Renal blockade to angiotensin II in acute and chronic sodium-retaining states.

Acute thoracic inferior vena cava constriction results in alterations in renal hemodynamics which may explain the characteristic antinatriuretic response. Since adrenalvein-aldosterone secretion is increased within 30 minutes of acute caval constriction and elevated plasma-renin activity is found in the chronic caval dog, we sought to determine whether the renal hemodynamic alterations observed in acute caval constriction are due to the intrarenal action of angiotensin II. The renal response to acute caval constriction in dogs receiving unilateral renal arterial infusion of a specific competitive antagonist of angiotensin II, 1-sarcosine-8-alanine-agiotensin II, was studied.
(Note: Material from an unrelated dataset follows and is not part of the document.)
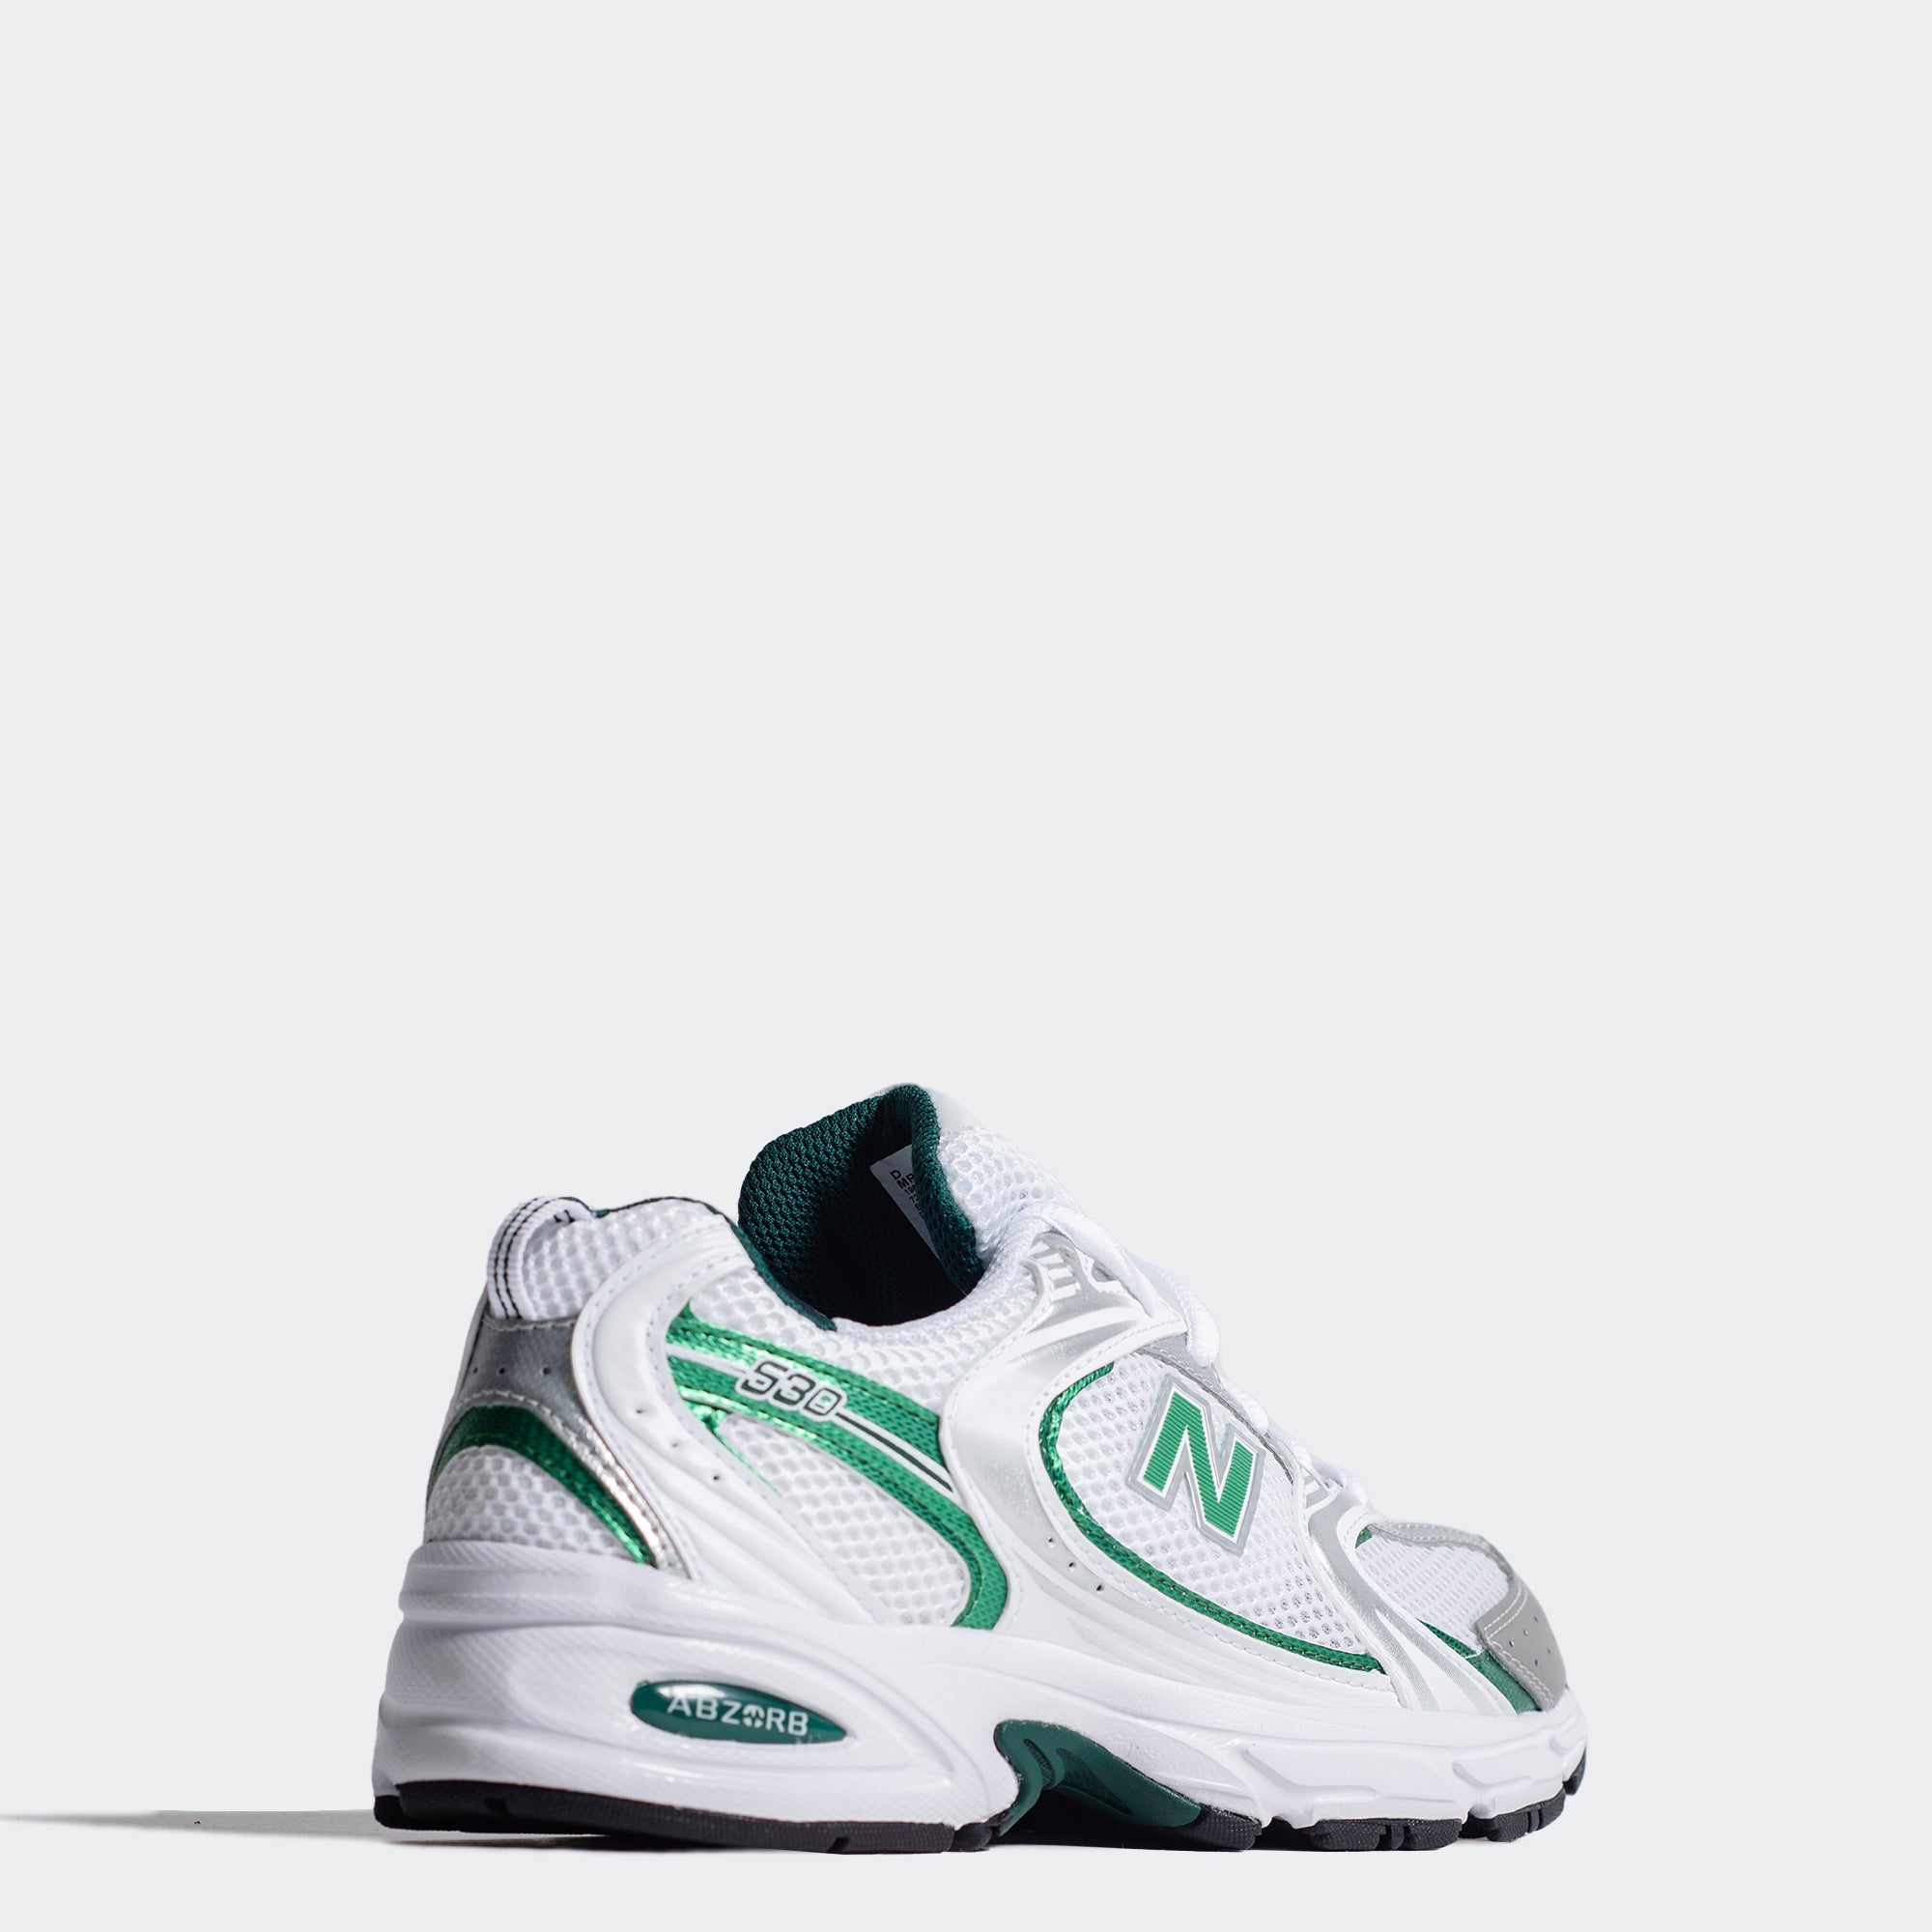 Hijsen Minister leven Men's New Balance 530 Shoes White Green | Chicago City Sports

Effective blockade did not alter the renal hemodynamic or antinatriuretic response to acute caval constriction. As a model of chronic sodium retention, dogs with chronic congestive heart failure produced by tricuspid insufficiency and pulmonary stenosis were similarly studied. Effective renal blockade to antiotensin II did not affect renal hemodynamics or urinary sodium excretion. The renal hemodynamic and antinatriuretic responses to acute caval constriction and chronic congestive heart failure are not dependent on the intrarenal action of angiotensin II.